The Taleban is hated
in cities like Herat because it is seen as a stooge government. The
Jihad against crypto Communists in Kabul was valid because they had
sold their country to the Russians. The Taleban were treated with
similar contempt because they had sold their country to Pakistan. The
Pakistani Army was the backbone of the Taleban’s strength. The
Afghan will never accept foreign rule, neither from a neighbor to the
north nor a neighbor to the east.
A car has the aura of
a time machine in the bazaar that rings the wondrous blue mosque at
the center of Herat, the greatest of the oasis-cities that nourished
the great Silk Route.
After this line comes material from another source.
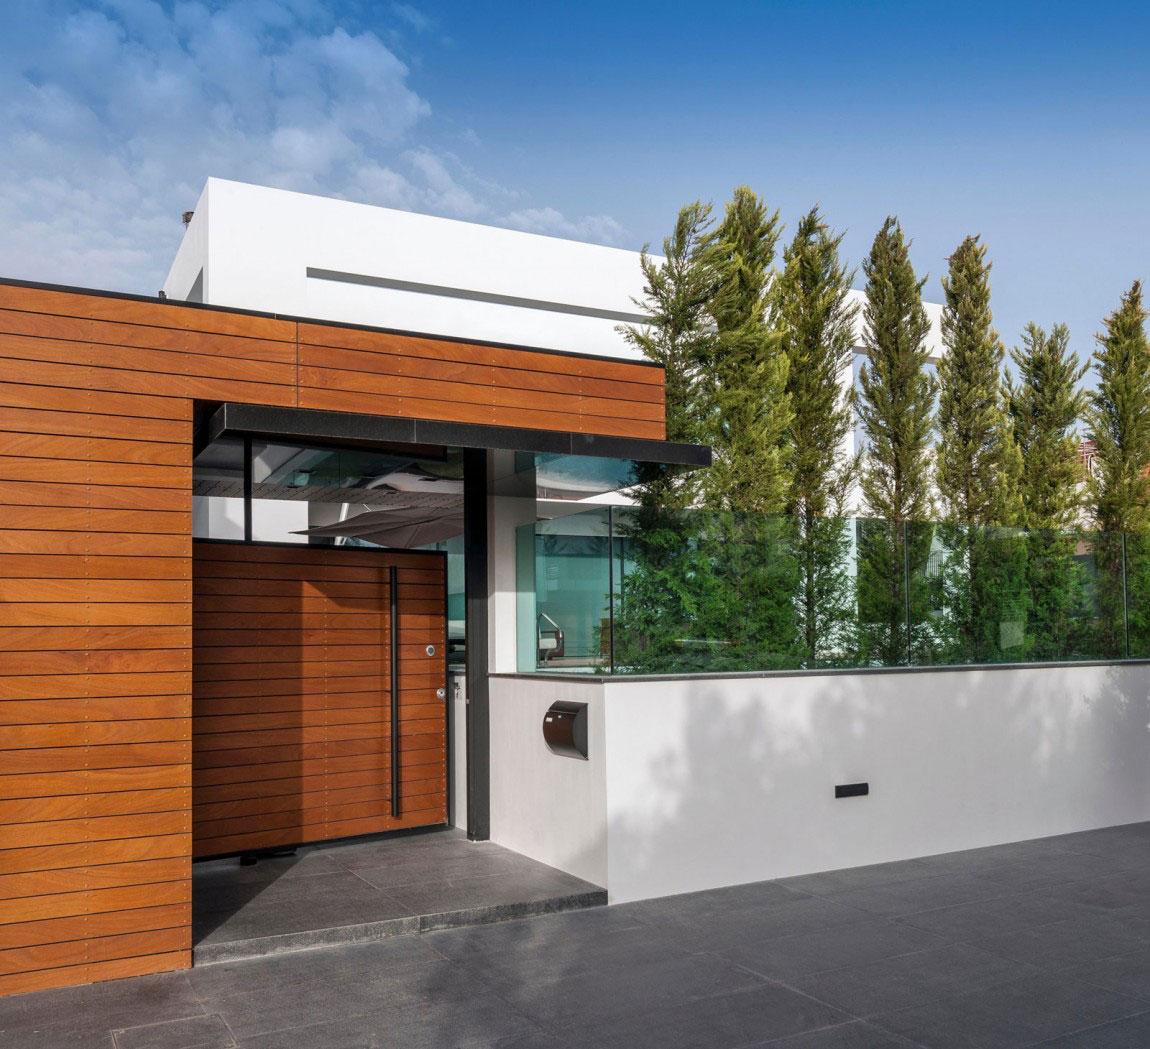 Modernt familjehus av Dolihos Architects-1 Modernt familjehus av Dolihos Architects

Nothing has changed in a thousand years in this
bazaar. The mosque’s tiles, colors (blue is not a single color),
designs and majesty seem as fresh as if they had first glittered
yesterday. The shops and wooden huts could have been constructed a
thousand years ago.
The faces are
ageless. They belong to the Turks, Mongols, Iranians, Afghans and
hundreds of tribes and groups that teem between the walls of China and
the open spaces of Turkey. Eyes slant, and eyes glow like deep embers.
Noses become hawks, and noses turn into sparrows. Cheekbones rise and
cheekbones melt into flesh.
The buzz of the
marketplace still echoes the oasis that once fed and rested caravans
to give them the strength for another thousand miles, while in return
it was told tales of wonders and battles taking place in distant
lands. History was the breath of Herat.
Alexander and Changez
Khan, Omar Khayyam and Marco Polo passed this way: Conquerors,
traders, travelers, poets and persecutors, and lovers fulfilled or
betrayed.
The mosque and the
market were hives of different kinds but related by the romance of a
town that knew the heartbeat of a world it nurtured, patronized,
perhaps sneered at but in all cases encouraged it to go its way. While
all through the day and night a sharp wind brought the dust of the
surrounding desert to the oasis, leaving a fine film on face and
cloth, so that a laugh or a smile or a tear had to cross two layers,
one of skin and the other of dust. How many worlds live in
Afghanistan, across how many centuries?
After two days in
Afghanistan, I have one question. Would Michael Schumacher be able to
outpace a taxi driver in Kabul between five and seven in the evening?
I think not. We all know Schumacher can drive, but can he spurt? We
know he can accelerate, but can he brake with a thud that connect
wheel to teeth?
Schumacher might roar
and the Corolla might rattle, but in a 10-yard dash between two
immovable objects on the high street where would your money fetch
better odds My money is on the Afghan. Schumacher can do a beautiful
U-turn, but can he negotiate an O-turn that manages to bring the car
back to its original position after the driver has discussed various
options with the traffic policeman?
We all know that
Schumacher thrills the world with his courage, but can he turn a
single-file cavalcade into a war zone, swinging the car sideways while
weaving it forward? Can Schumacher do what Aunt Agatha used to do to
Bertie Wooster — make his heart leap up till it crashed against the
teeth and returned slowly to base, gurgling helplessly on its way
back. The Afghan can.
The only thing that
Schumacher has in common with the Afghan driver is that both believe
that the only cars on the road are those that are behind them. If they
see a car in front they treat it as a personal insult. An Afghan can
always drive at Le Mans. Can Schumacher do high street in Kabul?